If you’ve been subject to my posts on Twitter or LinkedIn, you may have noticed that I’ve done no writing in the last 6 months. Besides the whole… full-time job thing … this is also because at the start of the year I decided to focus on a larger coding project.
At my previous job, I stood up a system for task and motion planning (TAMP) using the Toyota Human Support Robot (HSR). You can learn more in my 2020 recap post. While I’m certainly able to talk about that work, the code itself was closed in two different ways:
- Research collaborations with Toyota Research Institute (TRI) pertaining to the HSR are in a closed community, with the exception of some publicly available repositories built around the RoboCup@Home Domestic Standard Platform League (DSPL).

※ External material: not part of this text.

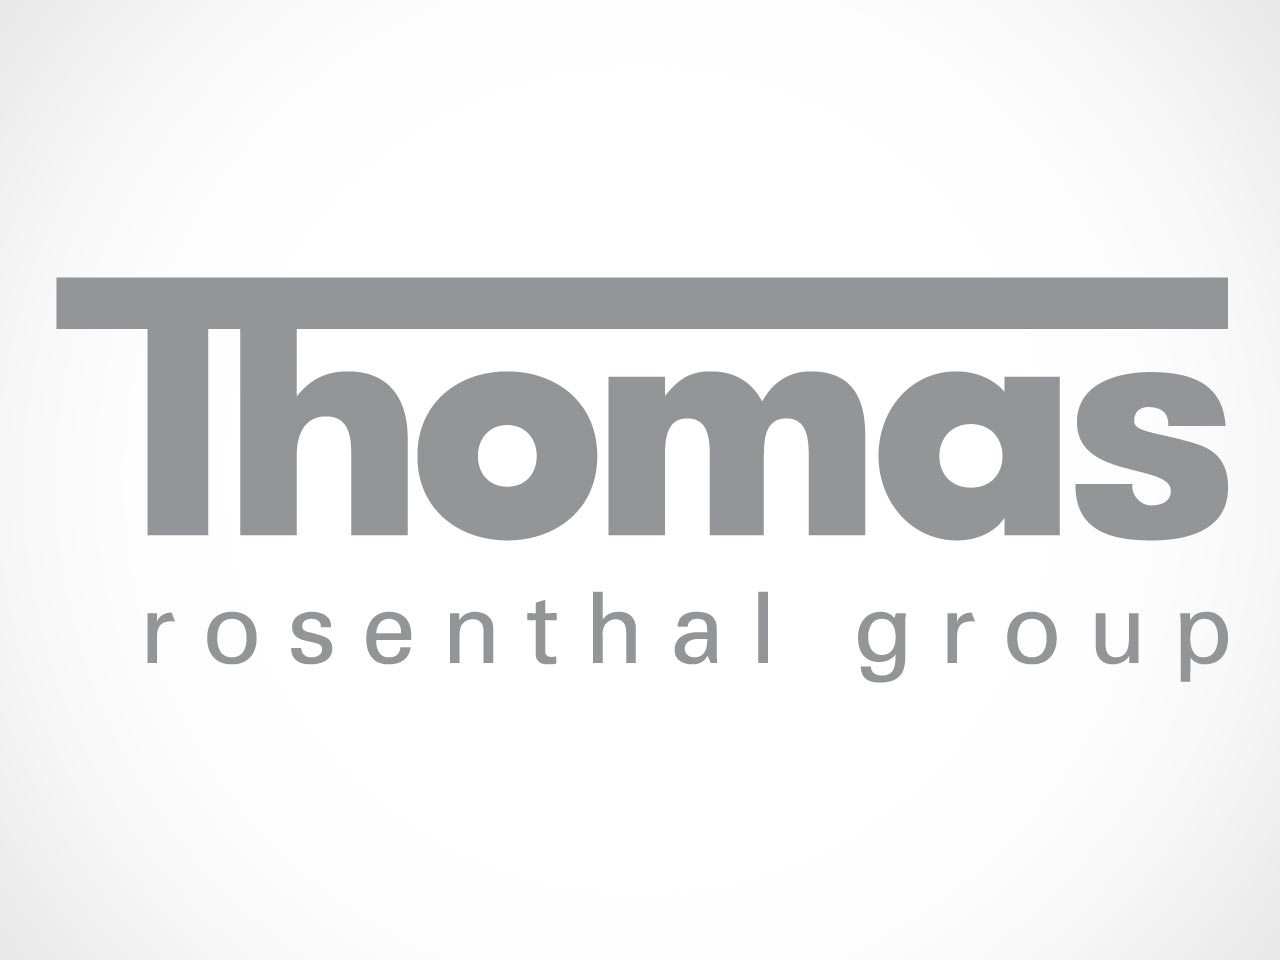 Thomas Logo on white background.

- The code not specific to the robot itself was contained in a private repository in my former group’s organization, and furthermore is embedded in a massive monorepo.
So I thought, there are some generic utilities here that could be useful to the community. What would it take to strip out the home service robotics simulation tools out of that setting and make it available as a standalone package? Also, how could I squeeze in improvements and learn interesting things along the way?
This post describes how these utilities became pyrobosim: A ROS2 enabled 2D mobile robot simulator for behavior prototyping.
What is pyrobosim?
At its core, pyrobosim is a simple robot behavior simulator tailored for household environments, but useful to other applications with similar assumptions: moving, picking, and placing objects in a 2.5D* world.
* For those unfamiliar, 2.5D typically describes a 2D environment with limited access to a third dimension. In the case of pyrobosim, this means all navigation happens in a 2D plane, but manipulation tasks occur at a specific height above the ground plane.
The intended workflow is:
- Use pyrobosim to build a world and prototype your behavior
- Generate a Gazebo world and run with a higher-fidelity robot model
- Run on the real robot!
Pyrobosim allows you to define worlds made up of entities. These are:
- Robots: Programmable agents that can act on the world to change its state.
- Rooms: Polygonal regions that the robot can navigate, connected by Hallways.
- Locations: Polygonal regions that the robot cannot drive into, but may contain manipulable objects. Locations contain one of more Object Spawns. This allows having multiple object spawns in a single entity (for example, a left and right countertop).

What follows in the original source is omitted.